Hi. I am pretty new here, but I have a few questions. I recently purchased an Olympus c-5000 zoom digital camera to take photos of my tanks. I am having soem trouble figuring out which settings and how to adjust them to get decent tank pictures. I figured out how to change the f setting, the max is 8.0 on my camera. That helped quite a bit, but my fish are still quite blurry. What other settings should I change? Another question, should I try getting a remote flash? I have tried to find the cable required to connect the camera to a remote flash, but the cheapest I find is it for like $60, then I would still have to buy a flash on top of that. Any ideas?

Thanks,
Tina


----------



## niko (Jan 28, 2004)

Tina,

I'm about to post the "3 of 3" section of the posts "Avoiding image blur". That part will explain in very simple terms about camera settings. For now, learn how to adjust the shutter speed and try to shoot with a speed of 1/30 or faster (1/60, 1/125...)

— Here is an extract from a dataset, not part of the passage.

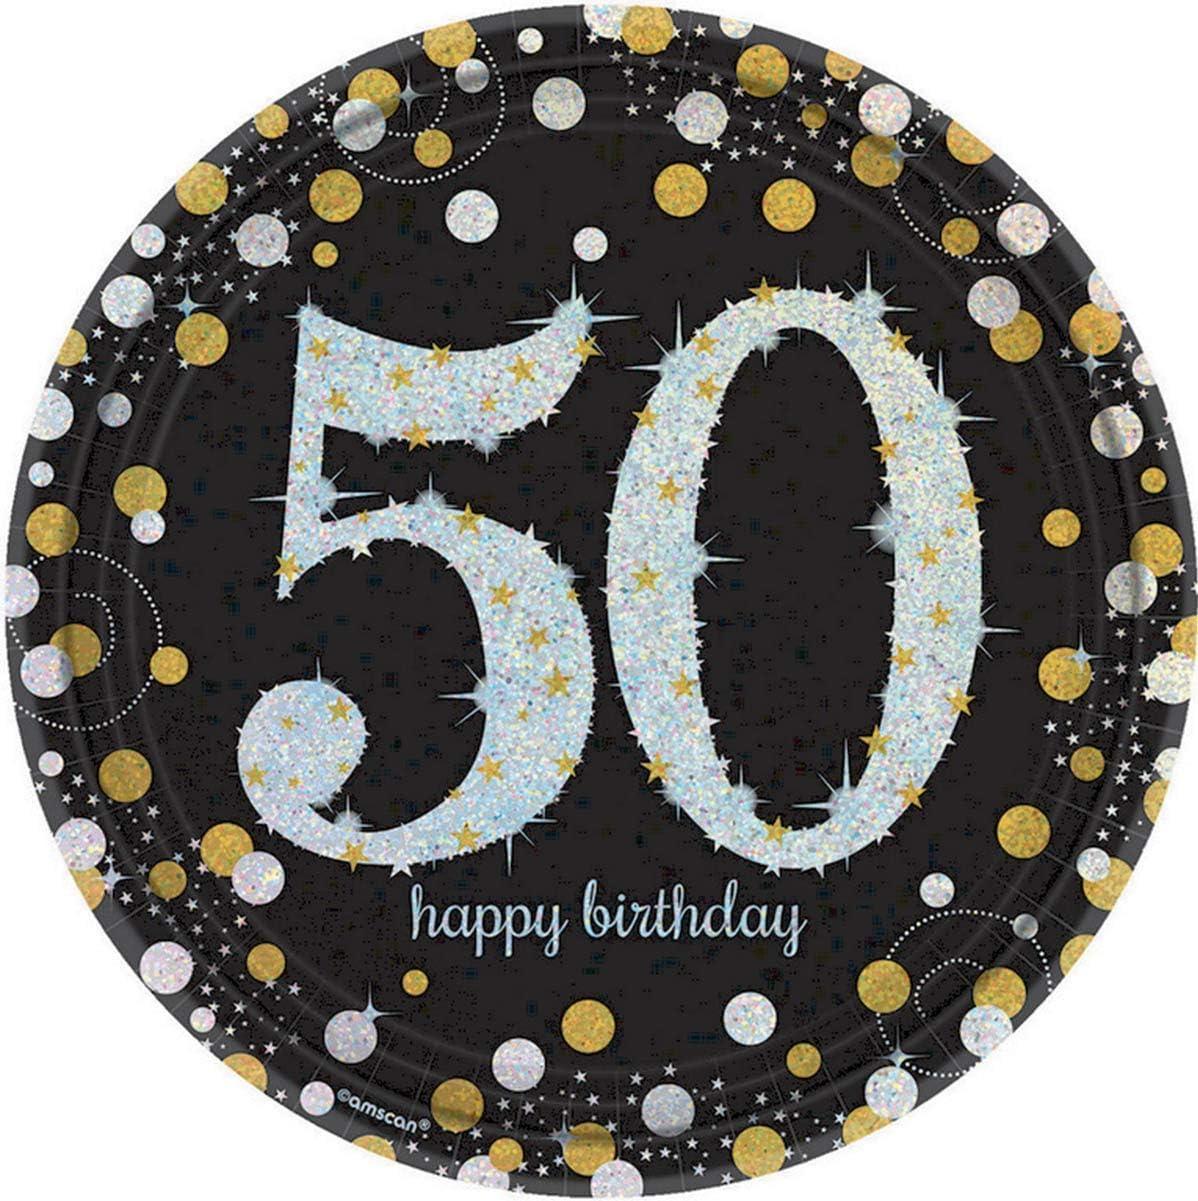 23cm Amscan Pack of 8 50 Sparkling Celebrations Gold Prismatic Round Paper

External flash is very useful but if your tank is brighly lit you may not need it. For shooting fish, especially fast moving ones, a flash is almost a must though. You do need external flash because the on-camera flashes will force you to angle the camera to avoid reflections. Look at aftermarked cables and flashes - they are much cheaper than the original manufacturer's. Make sure they specifically say they are compatible with your flash.

When or if you get an external flash you may want to soften the light by using a diffuser in front of the flash. The cheapest/easiest to get/use looks like this - just a plastic "box" that fits snugly on the flash.

--Nikolay


----------



## Talonstorm (Feb 16, 2005)

Thanks! I will look on ebay for a flash and cable that are compatible.

Tina


----------